- Japanese: 映画 ギヴン
- Revised Hepburn: Eiga Givun
- Directed by: Noriko Hashimoto
- Screenplay by: Yuniko Ayana
- Based on: Given by Natsuki Kizu
- Starring: Shōgo Yano; Yuma Uchida; Masatomo Nakazawa; Takuya Eguchi; Fumiya Imai; Taito Ban;
- Cinematography: Sena Nagakawa
- Edited by: Rie Itō
- Music by: Michiru
- Production company: Lerche
- Distributed by: Aniplex
- Release dates: January 27, 2024 (Hiiragi mix); September 20, 2024 (To the Sea);
- Running time: 70 minutes (Hiiragi Mix); 80 minutes (To the Sea);
- Country: Japan
- Language: Japanese

= Given the Movie (2024 film) =

2024 two-part film by Noriko Hashimoto

Given the Movie (映画 ギヴン, Eiga Givun) is a 2024 Japanese two-part animated romantic drama film directed by Noriko Hashimoto and written by Yuniko Ayana based on the manga series of the same name by Natsuki Kizu.

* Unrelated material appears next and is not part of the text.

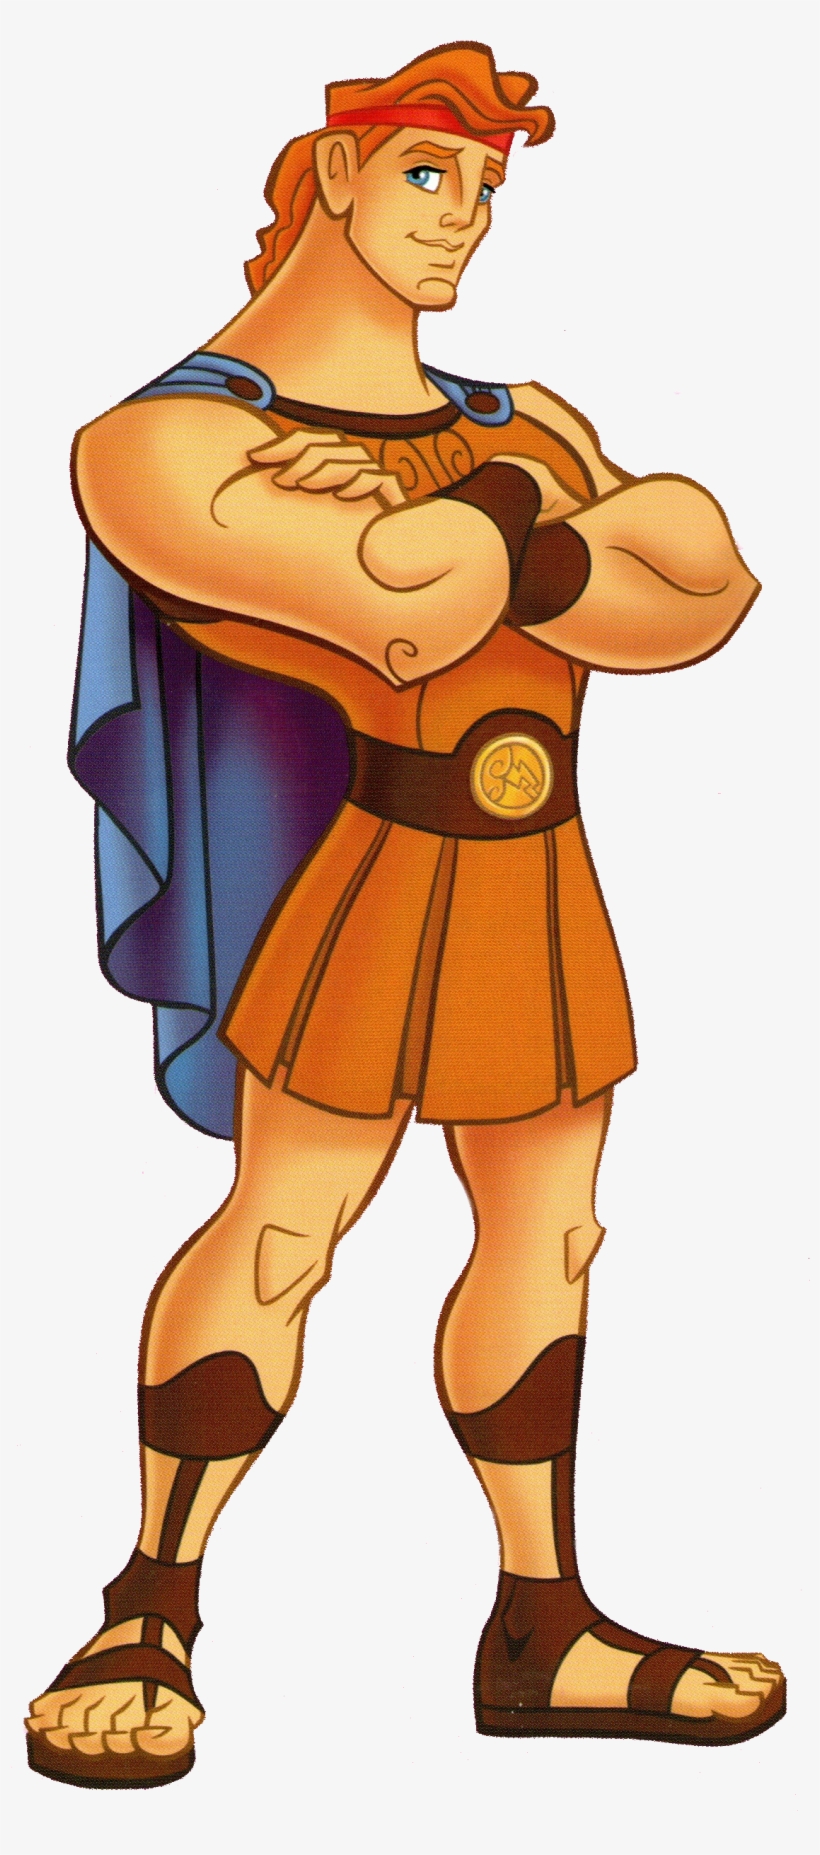 My Favorite Disney Hero Is Hercules - Hercules Disney, transparent png #978867

Produced by Lerche and distributed by Aniplex, the two-part film is the second and third film for the series, following 2020 film of the same title, and serve as a direct sequel to the film, as well as the final adaptation of Natsuki Kizu's original manga series.

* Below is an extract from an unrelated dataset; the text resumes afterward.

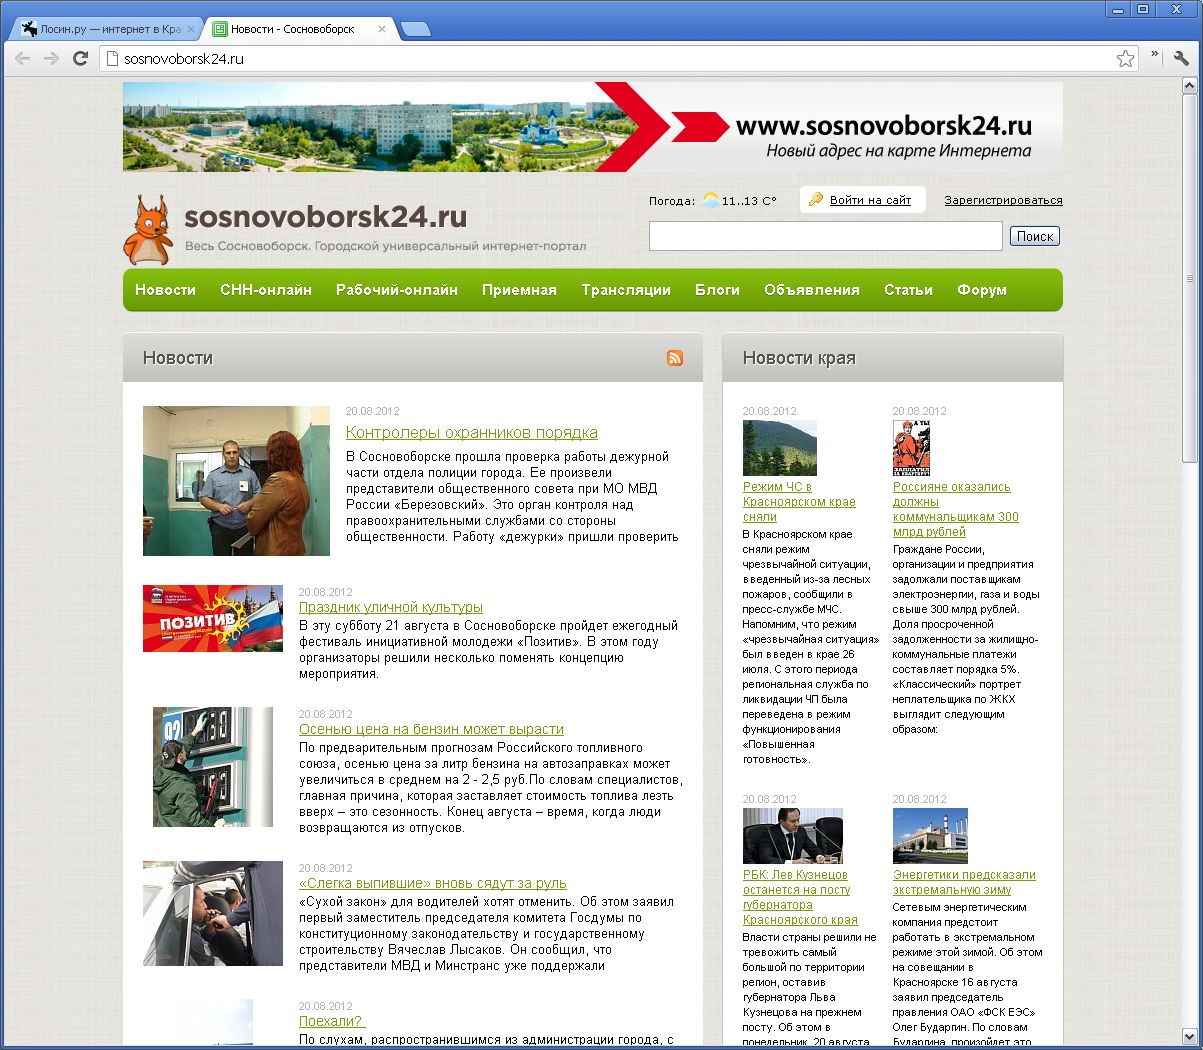 Сосновоборск вакансии. Сайт сосновоборский городской суд красноярского края

The voice cast includes Shōgo Yano, Yuma Uchida, Masatomo Nakazawa, Takuya Eguchi, Fumiya Imai, and Taito Ban, all reprising their roles from earlier entries in the franchise. The two-part film was released in Japan in 2024, with the first film, on January 27, and the second film, released on September 20.

==Synopsis==
===Hiiragi Mix===
While Given auditions for a music festival but fails to qualify, Hiragi and Shizusumi's band, SYH, prepares for a major performance but loses their guitarist. Hiragi, seeking to salvage both the band and his own emotional state, asks Ritsuka Uenoyama to fill in. As the two bands' paths intertwine, Hiragi confronts his unresolved feelings toward Shizusumi, leading to a quiet but powerful emotional shift. Through rehearsals, performances, and intimate moments, the film explores Hiragi's journey toward self-forgiveness and his evolving connection with Shizusumi, culminating in a hopeful, if understated, resolution as their bond begins to deepen beyond friendship.

===To the Sea===
Mafuyu, feeling conflicted and uncertain about his future, hesitates to accept the invitation to debut with his band Given, despite their growing momentum. At the same time, SYH—the band led by Hiragi Kashima and Shizusumi Yagi—moves forward with their debut plans, with Ritsuka temporarily joining them to help finish a song Hiragi entrusted to him. When Mafuyu sends a message to Ritsuka saying, "I want to see you," Ritsuka rushes to him, only to find Mafuyu emotionally withdrawn and resistant to music. Caught between his love for Ritsuka, his lingering grief, and his complicated relationship with music, Mafuyu remains stuck in silence until a surprising offer from renowned violinist Ugetsu Murata opens up a new path for him to consider.

==Voice cast==
- Shōgo Yano as Mafuyu Satō
- Yuma Uchida as Ritsuka Uenoyama
- Masatomo Nakazawa as Haruki Nakayama
- Takuya Eguchi as Akihiko Kaji
- Fumiya Imai as Hiiragi Kashima
- Taito Ban as Shizusumi Yagi

==Production==
In March 2023, it was announced that a sequel film to 2020 Given the Movie film, which is based on Natsuki Kizu's manga series of the name was in development. Later on August of that year, it was announced that the sequel was produced as a two-part film. Noriko Hashimoto is directing the two-part film at Lerche, with Yuniko Ayana, Mina Osawa and Michiru returning to provide the screenplay, character designs and compose the music respectively. On October of that year, the title of the first film was unveiled, Hiiragi mix, with Japanese band Centimillimental providing the theme song, "Super Ultra I LOVE YOU". In January 2024, it was announced that the second film's title was revealed as "To the Sea". Centimillimental also provided the theme song for the second film, titled "Will" (Yuigon).

==Release==
The two-part film was released in theaters in Japan in 2024, with the first film, Hiiragi mix on January 27, and the second film, To the Sea on September 20. Hiiragi mix was also released in Taiwan by Cai Chang Asia on April 3, 2024.

==Reception==
===Box office===
Hiiragi mix ranked number 1 in the mini-theater ranking in both opening weekend and the following week. To the Sea also ranked number 1 in the mini-theater ranking in its opening weekend.